Aim of the exercise: Across the whole listing, return each line exactly, with no images included.

The data:
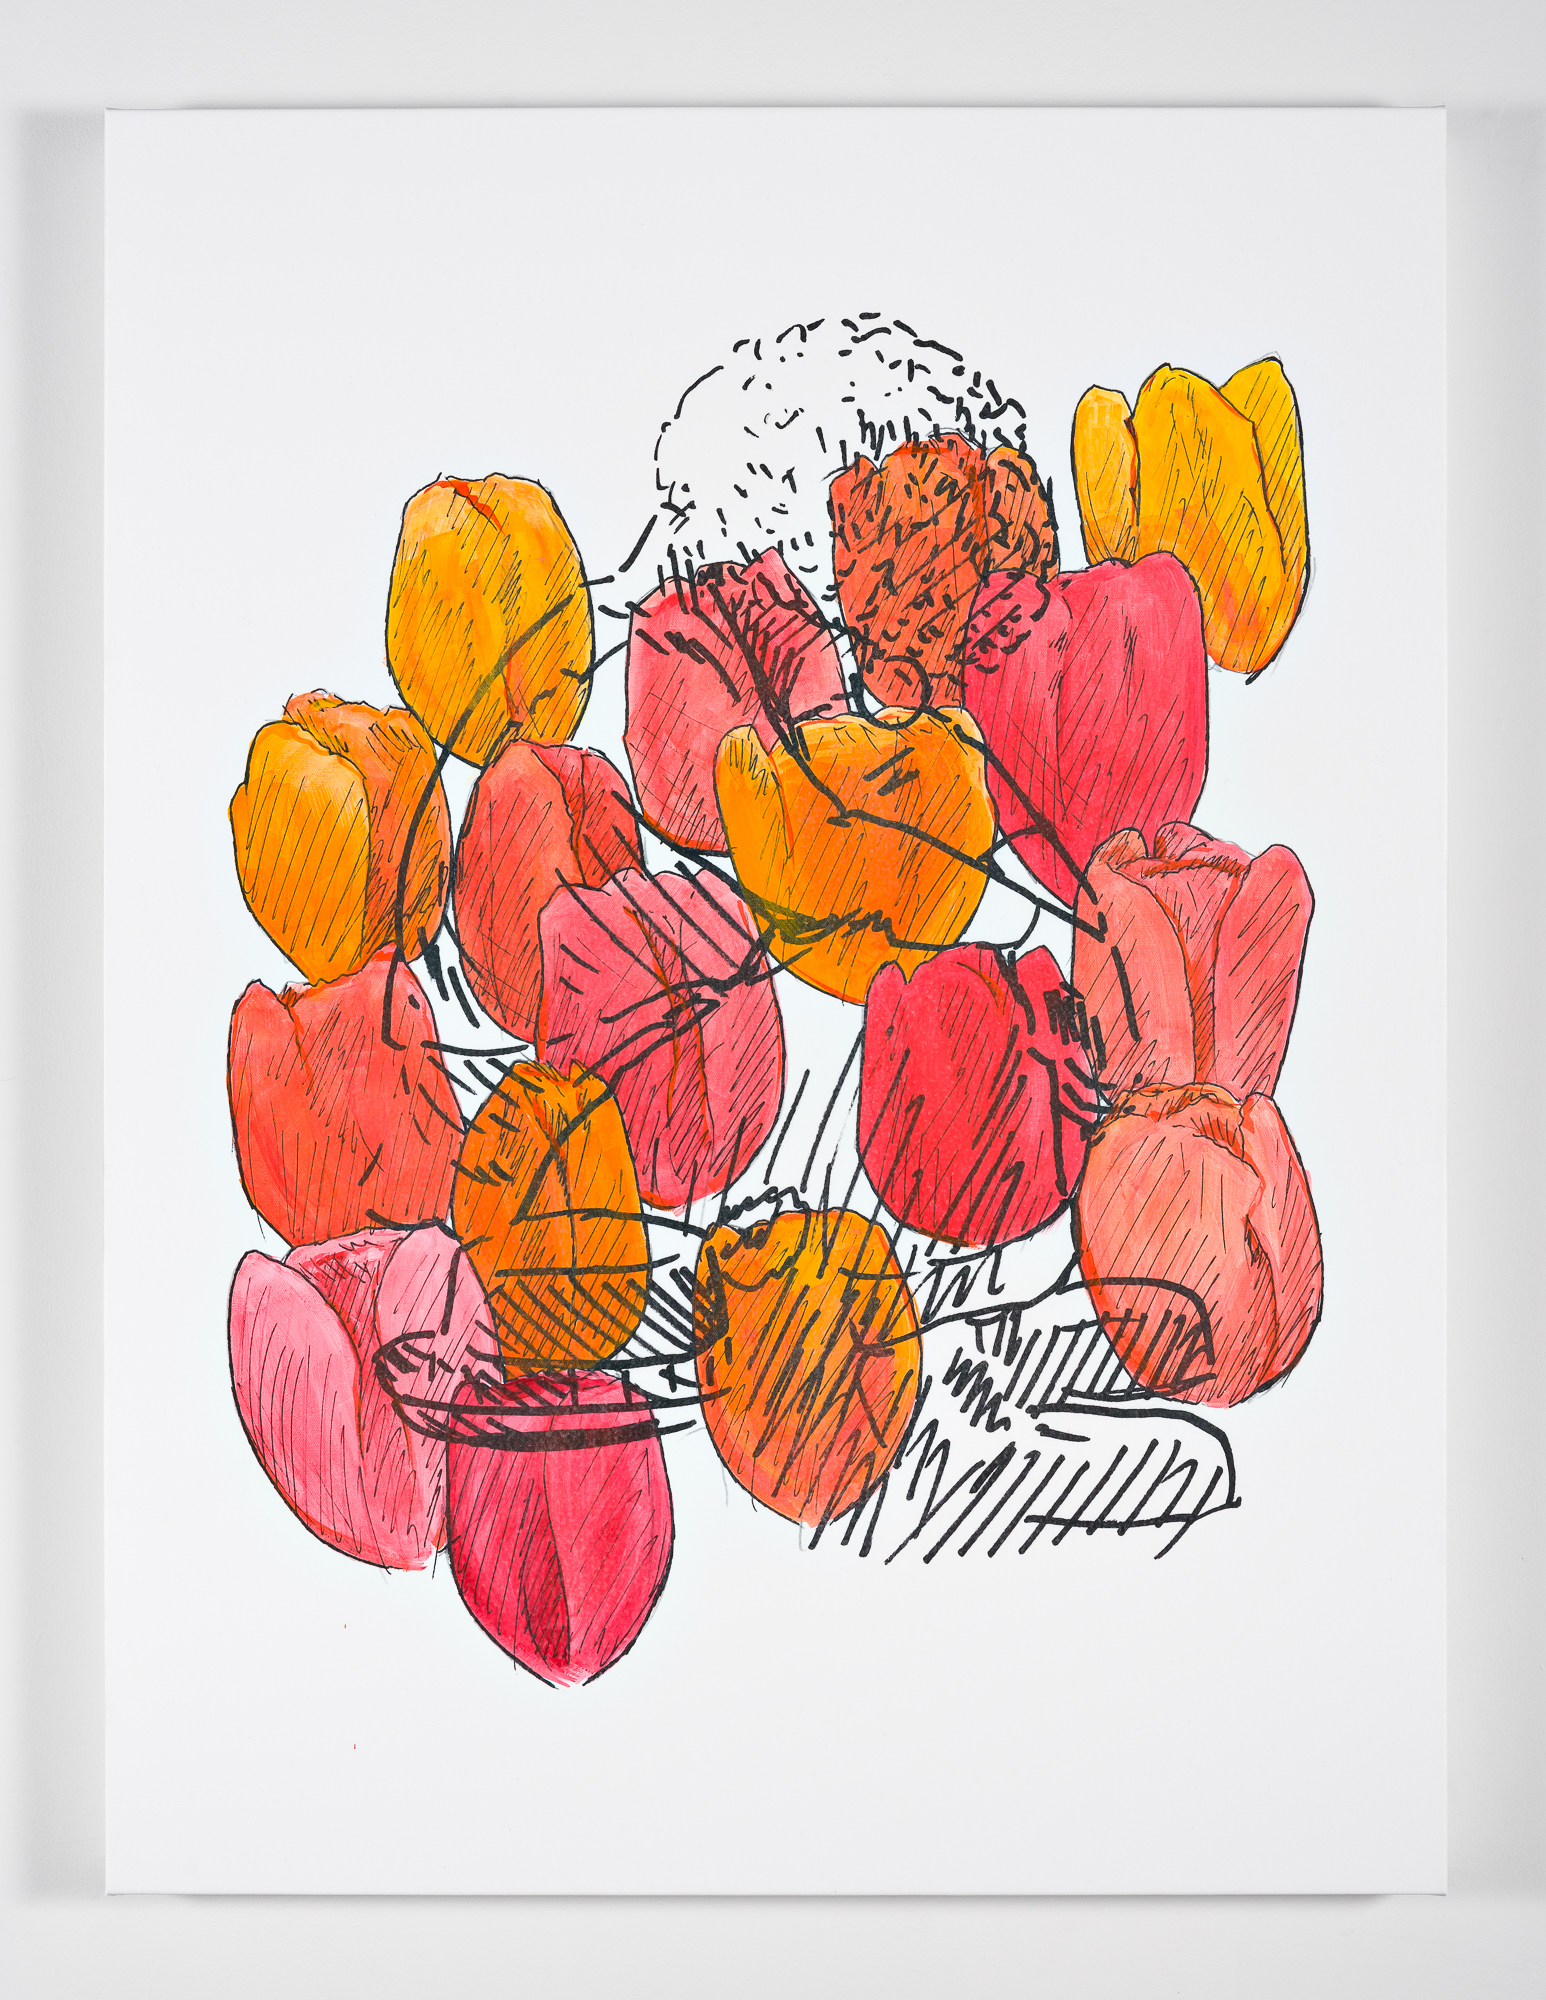 2019_03 - Mieke Marple-03.jpg
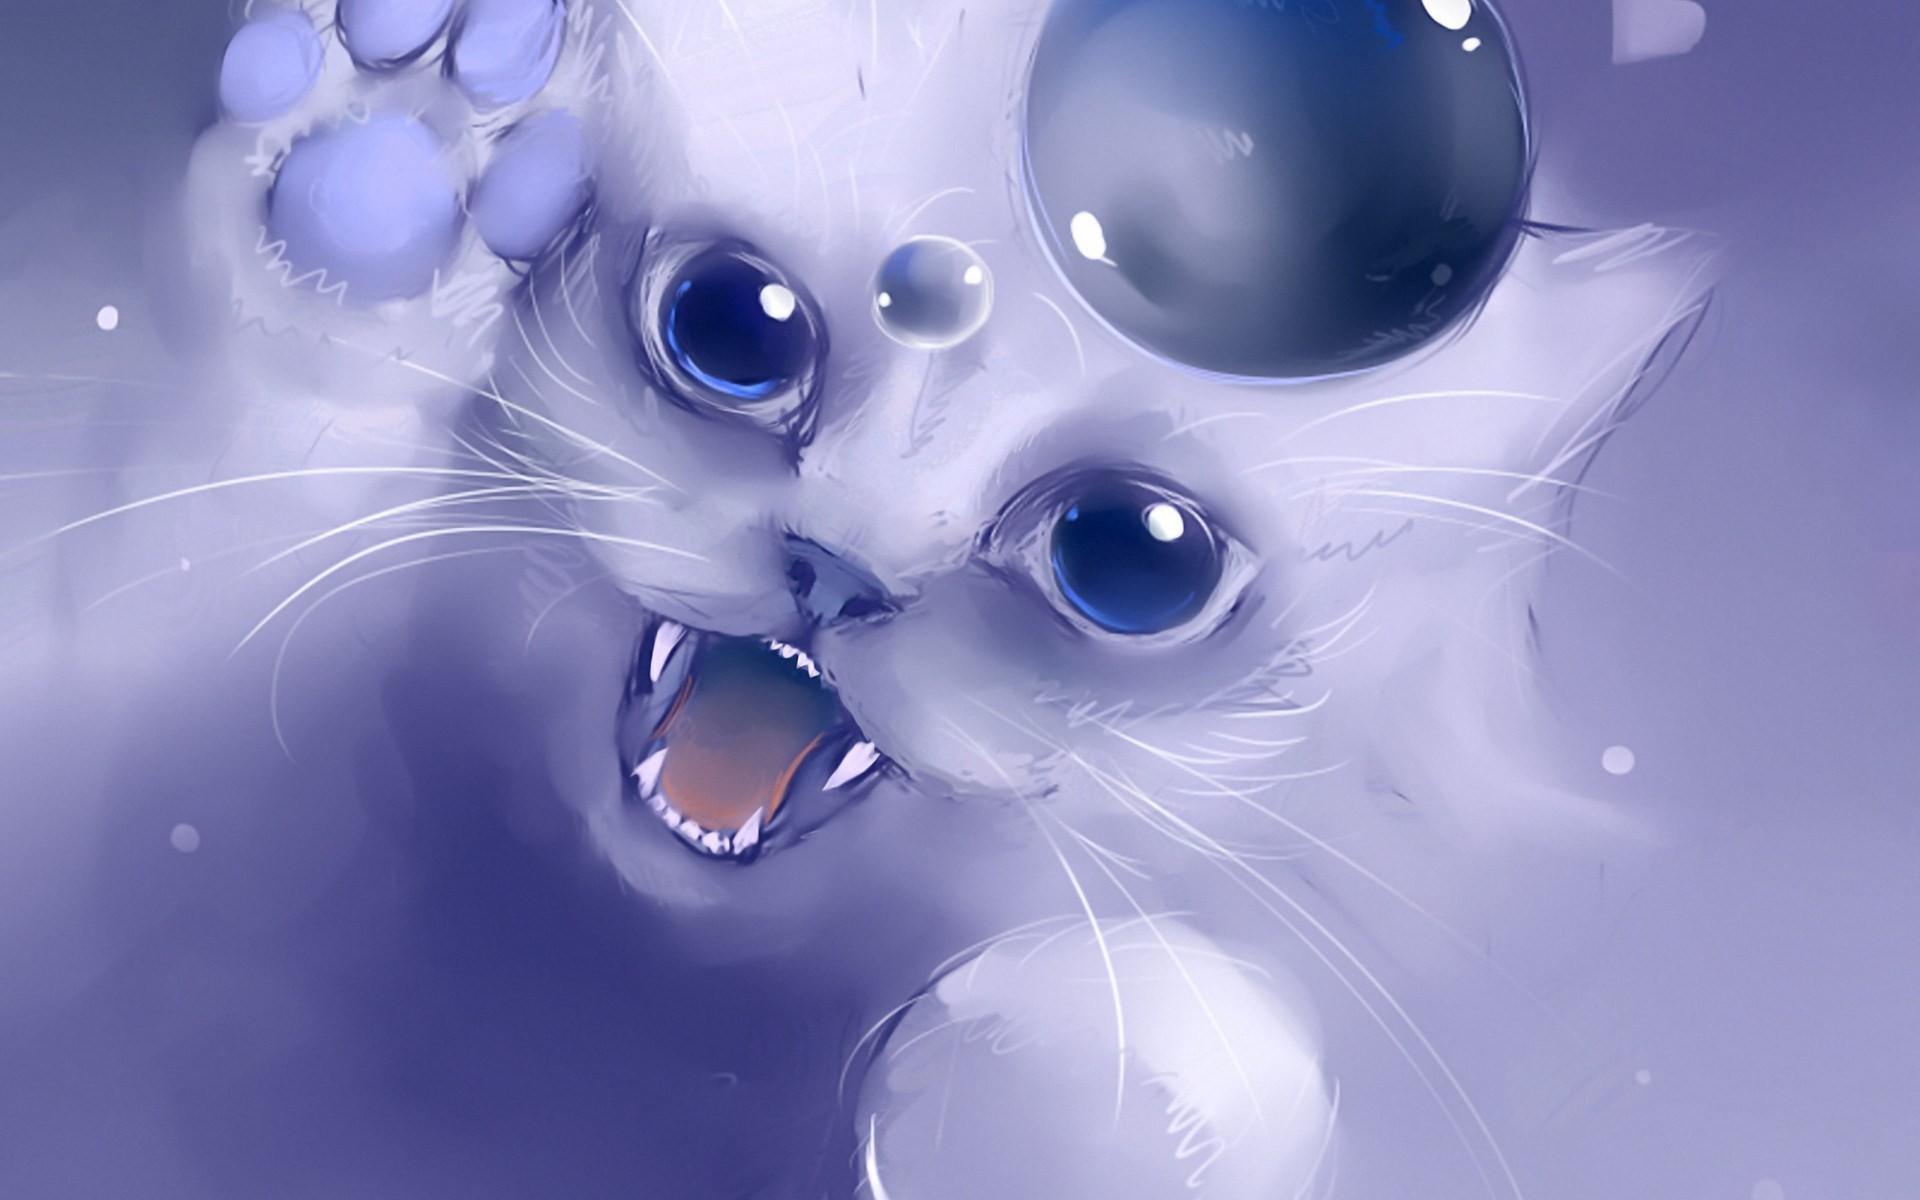 cat artwork hd wallpaper
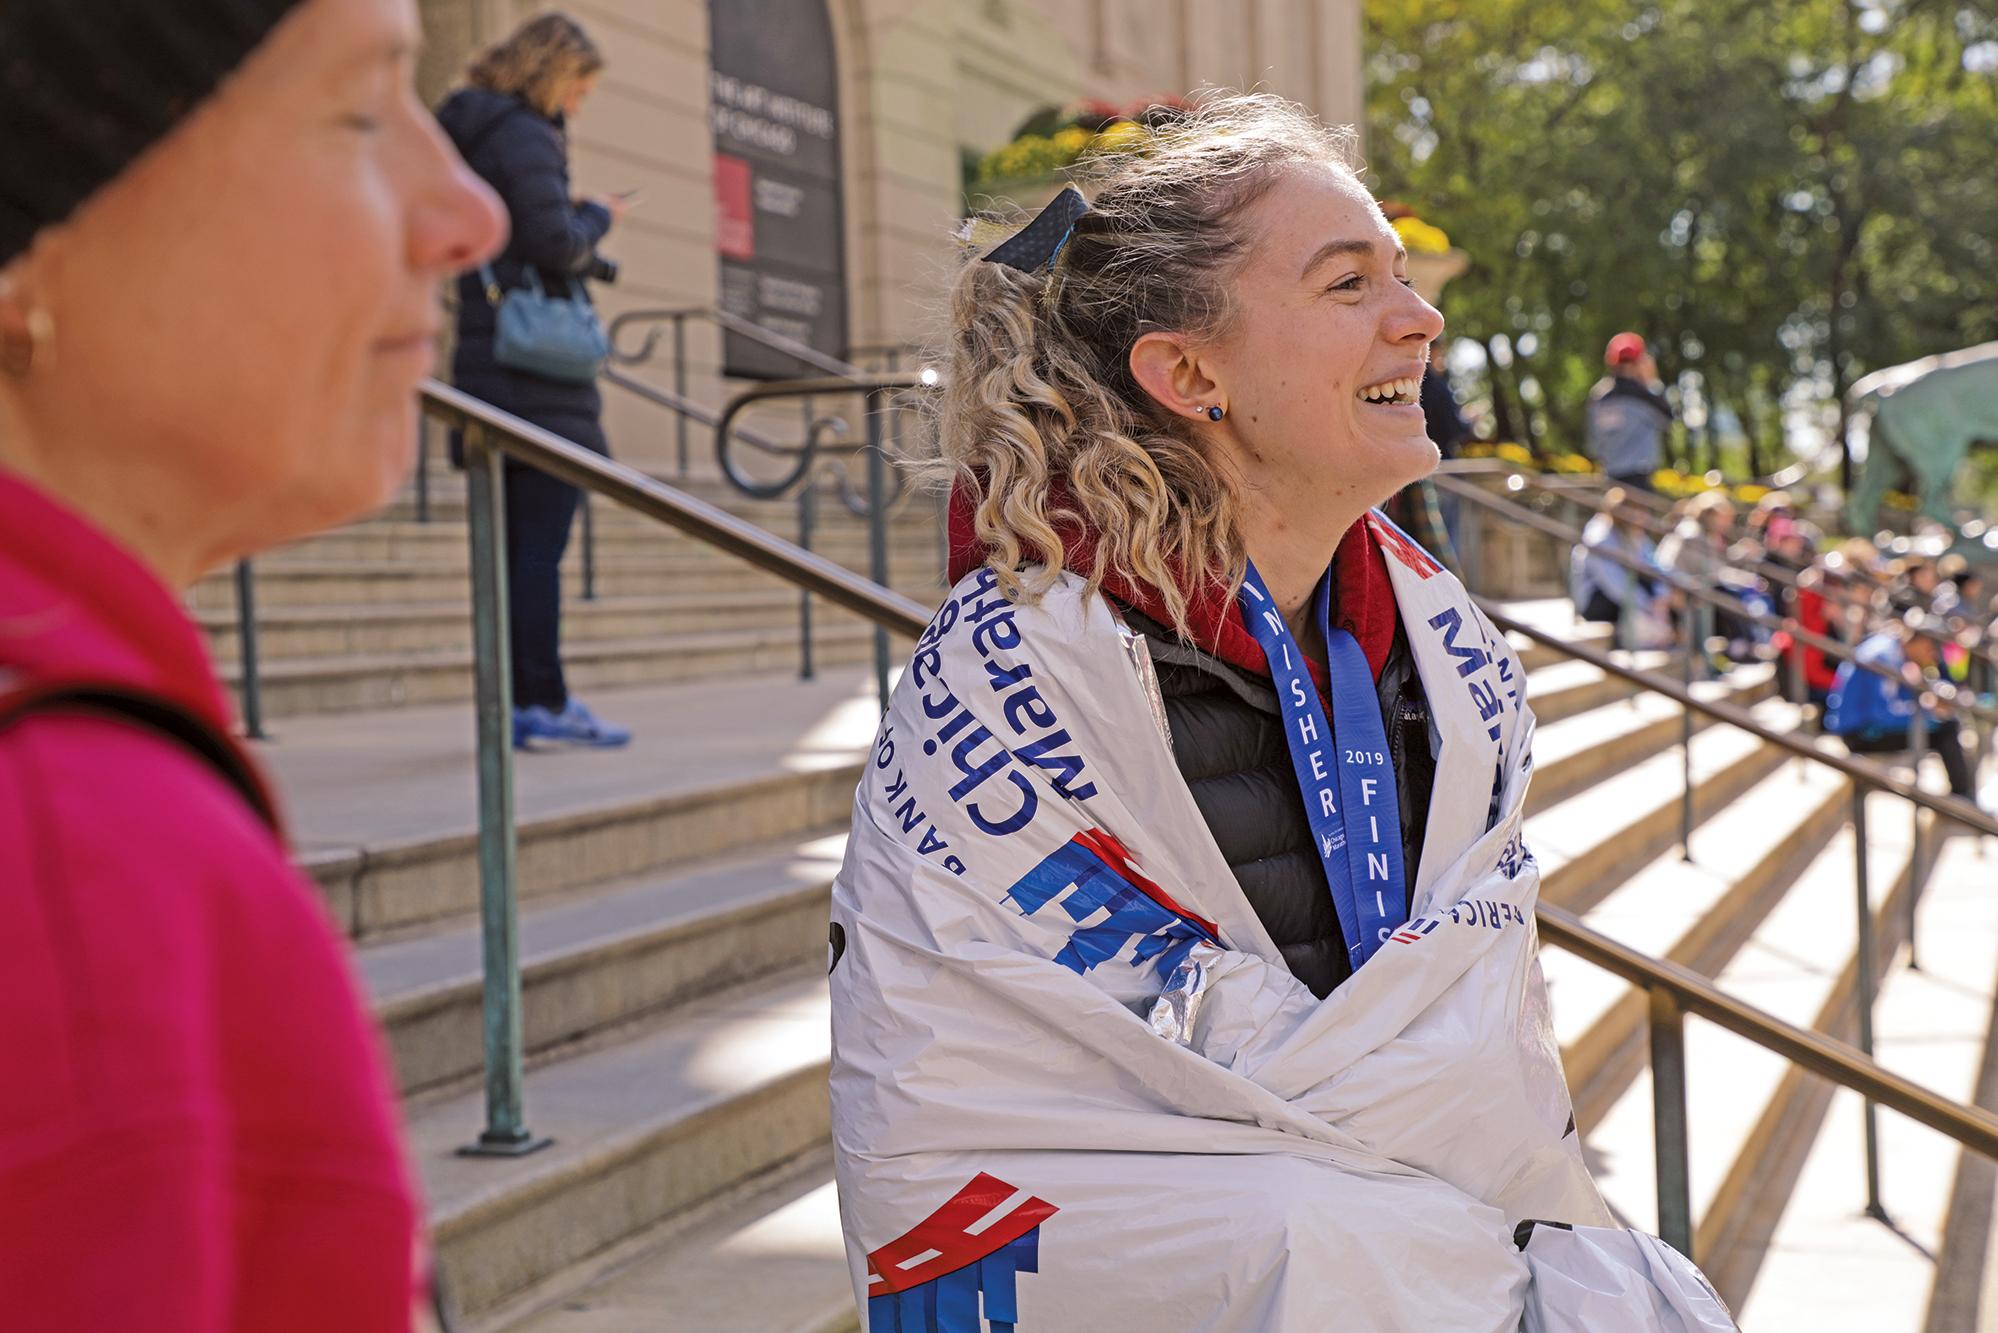 A side profile of Megan Cunningham after her race.

Answer to this problem:
 2019_03 - Mieke Marple-03.jpg
 cat artwork hd wallpaper
 A side profile of Megan Cunningham after her race.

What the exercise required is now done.